---------- Exercise materials ----------

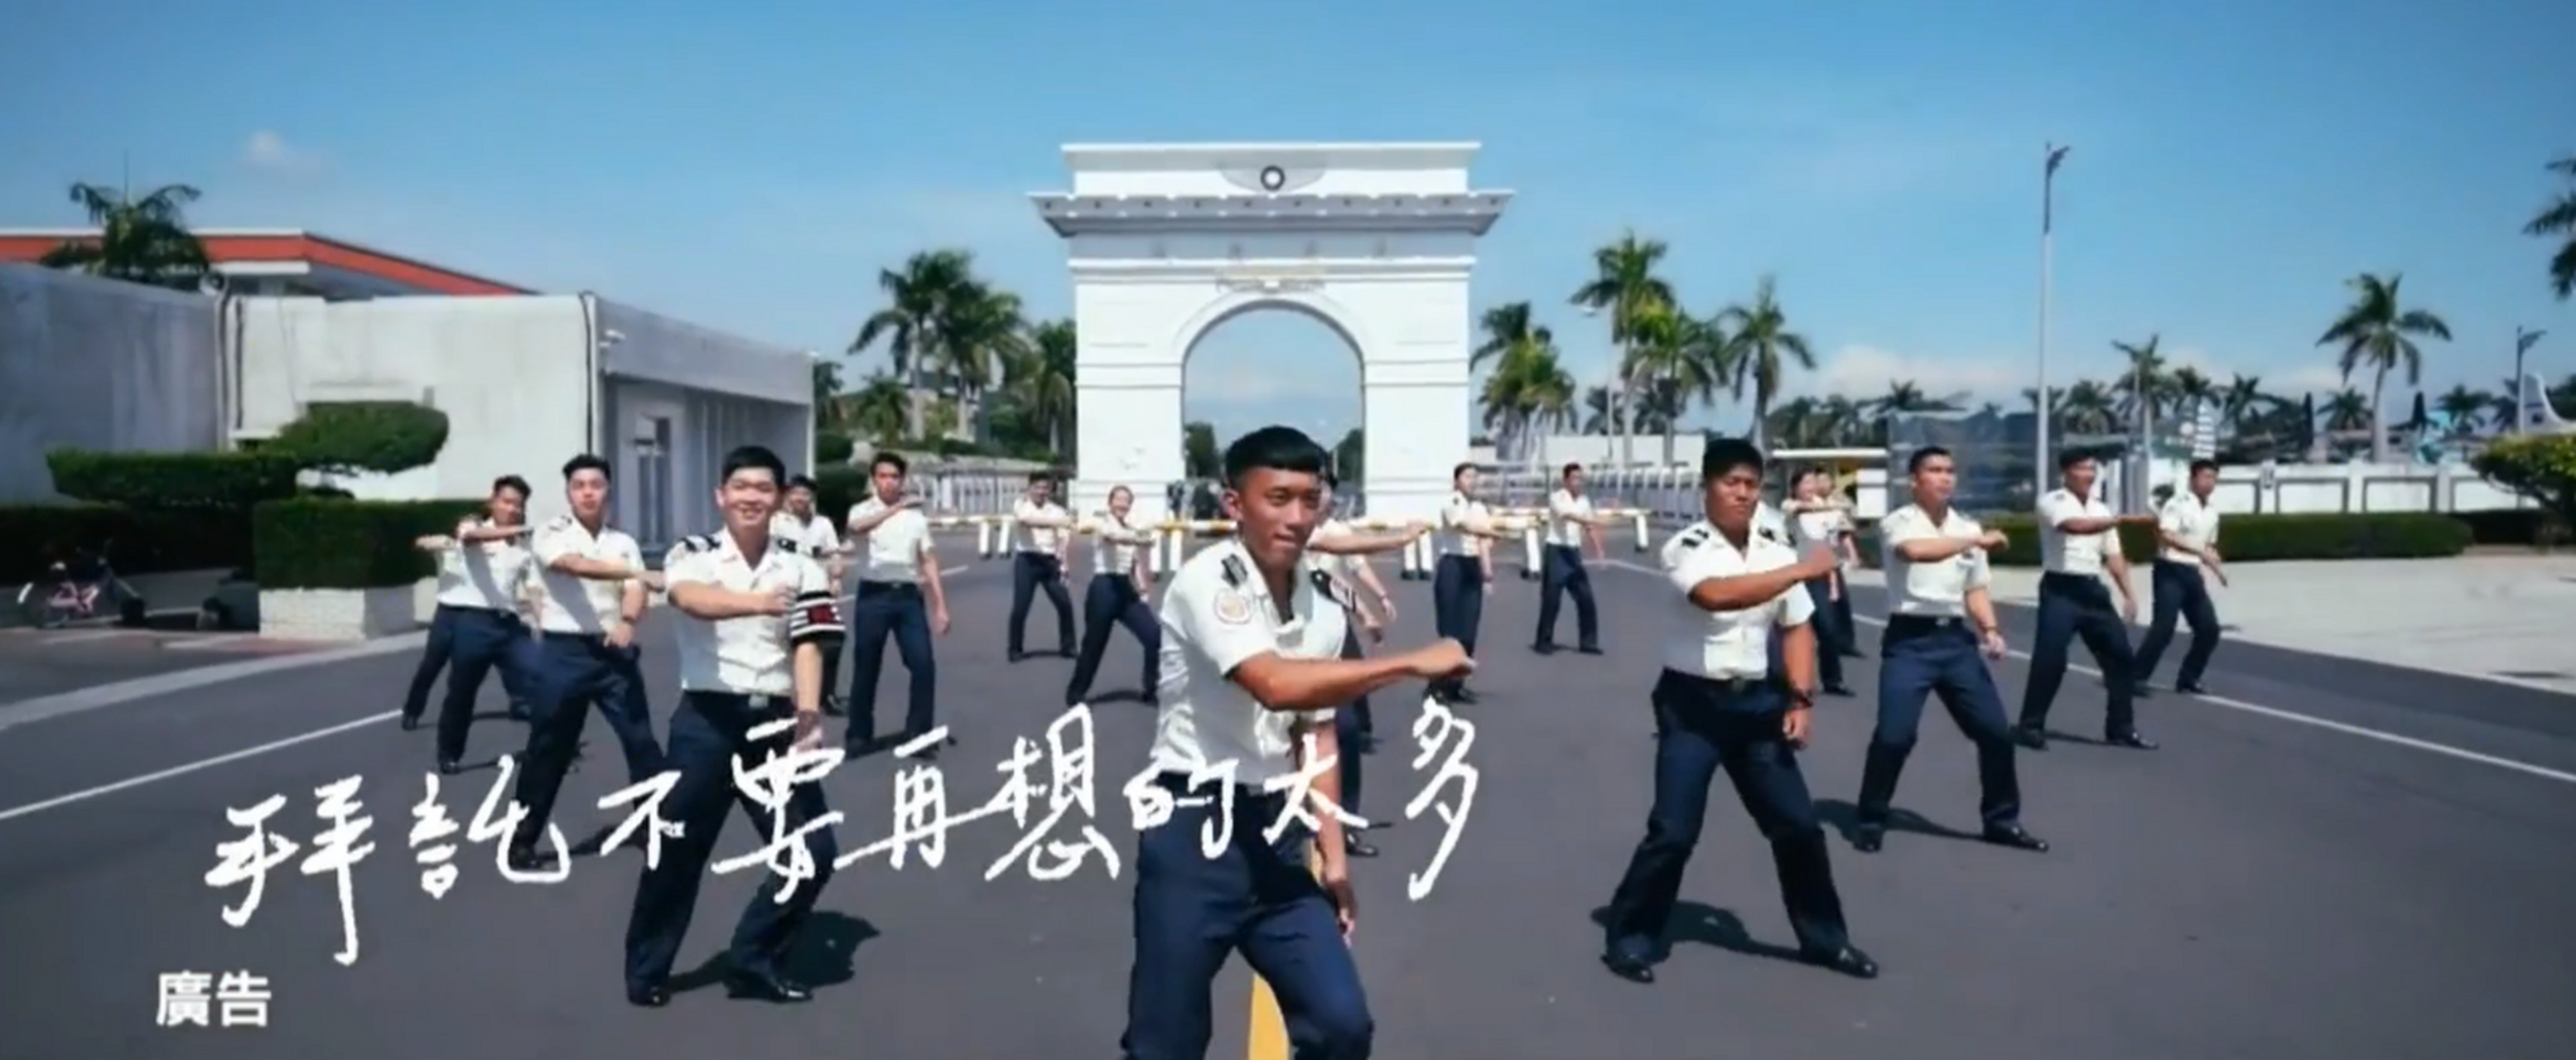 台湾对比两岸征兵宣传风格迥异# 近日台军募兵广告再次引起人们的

----------
---------- Exercise materials ----------

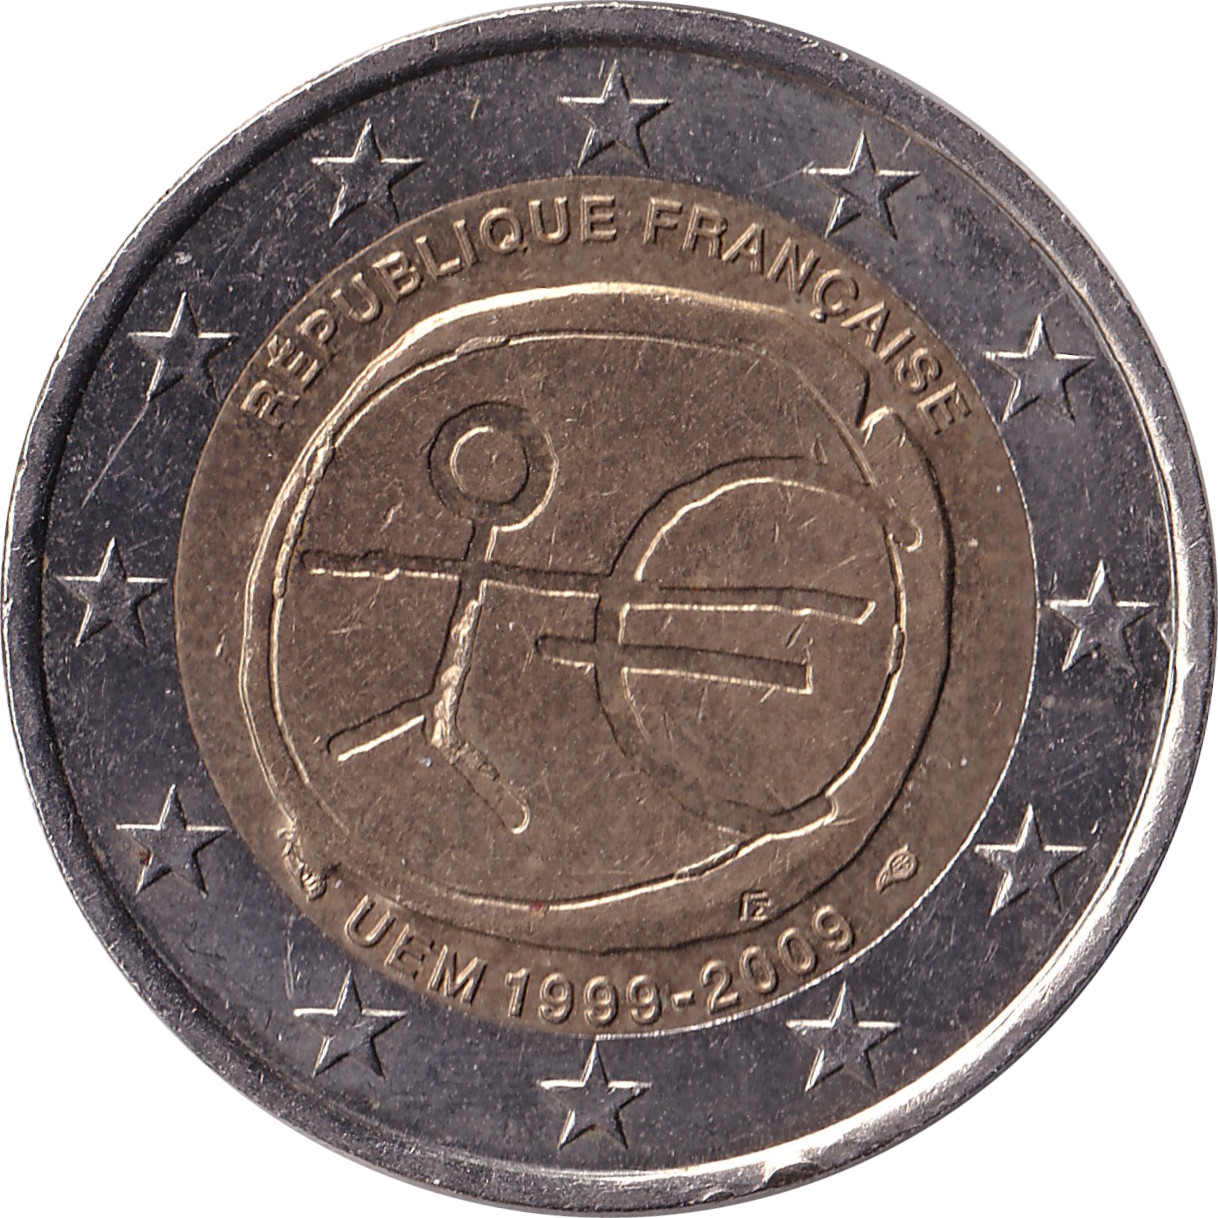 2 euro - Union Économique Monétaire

----------
---------- Exercise materials ----------

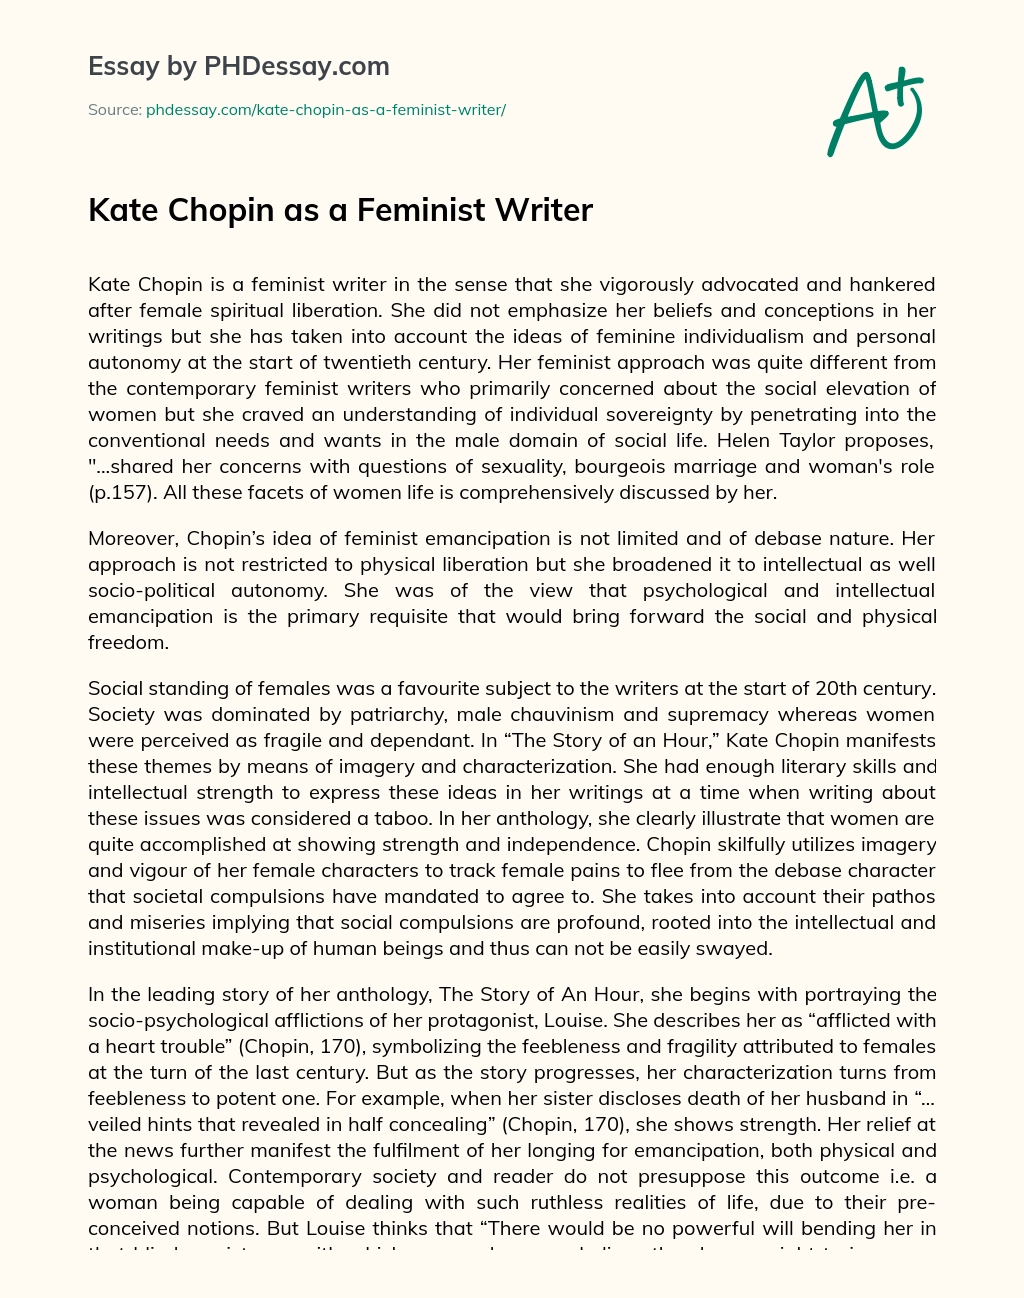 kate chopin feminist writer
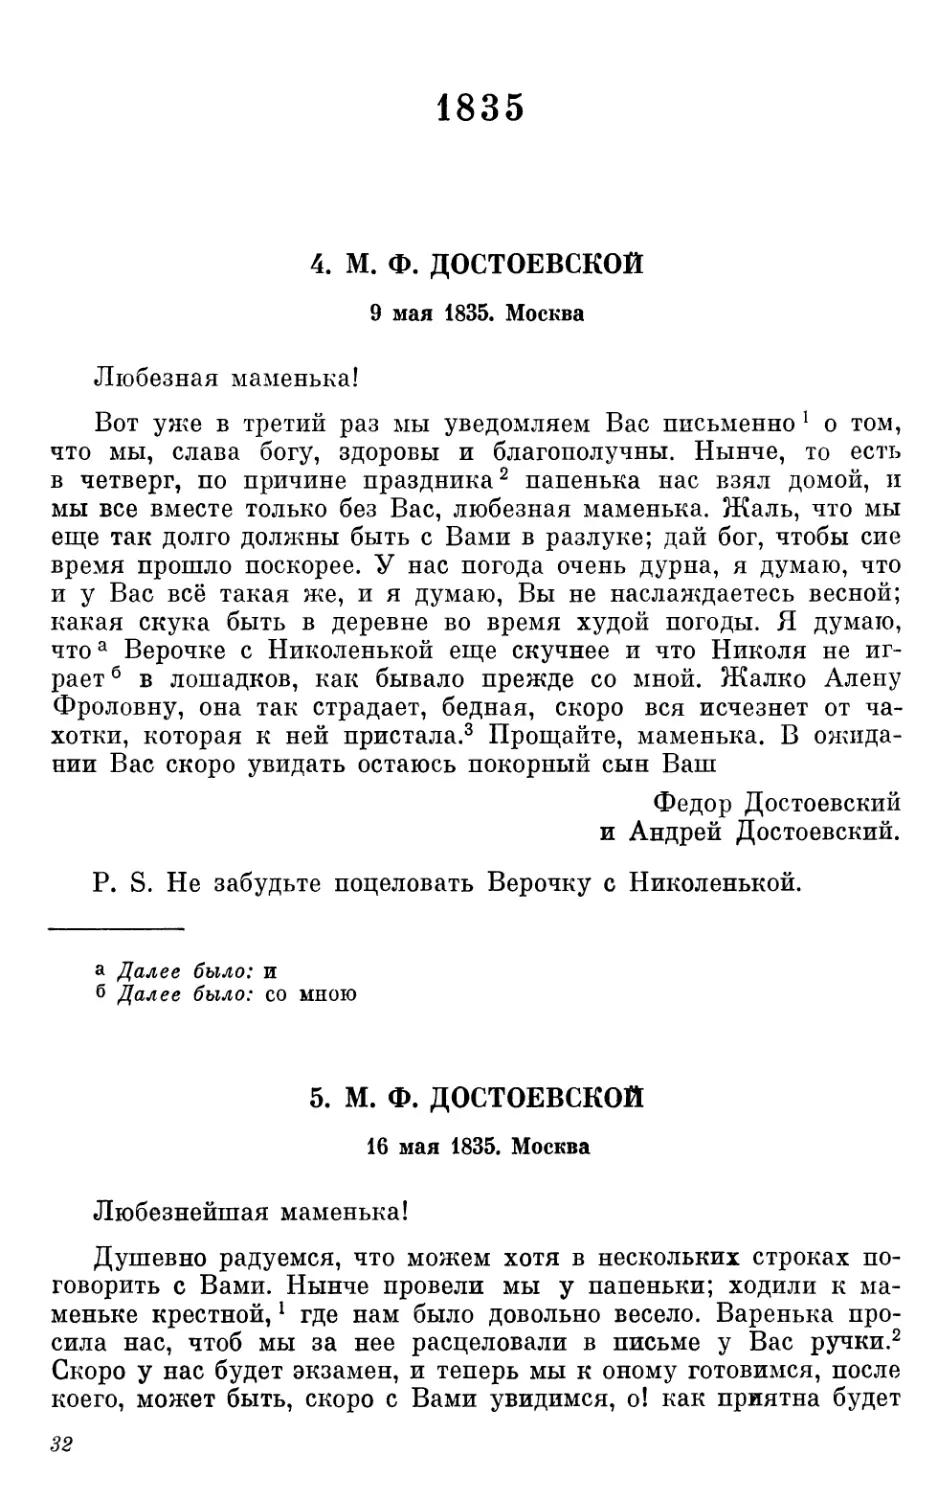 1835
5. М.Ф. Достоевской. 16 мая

----------

Write back word for word every line in the entries above from the one with "kate chopin feminist writer" to the one with "5. М.Ф. Достоевской. 16 мая", ends included, and none of the pictures.

 kate chopin feminist writer
 1835
5. М.Ф. Достоевской. 16 мая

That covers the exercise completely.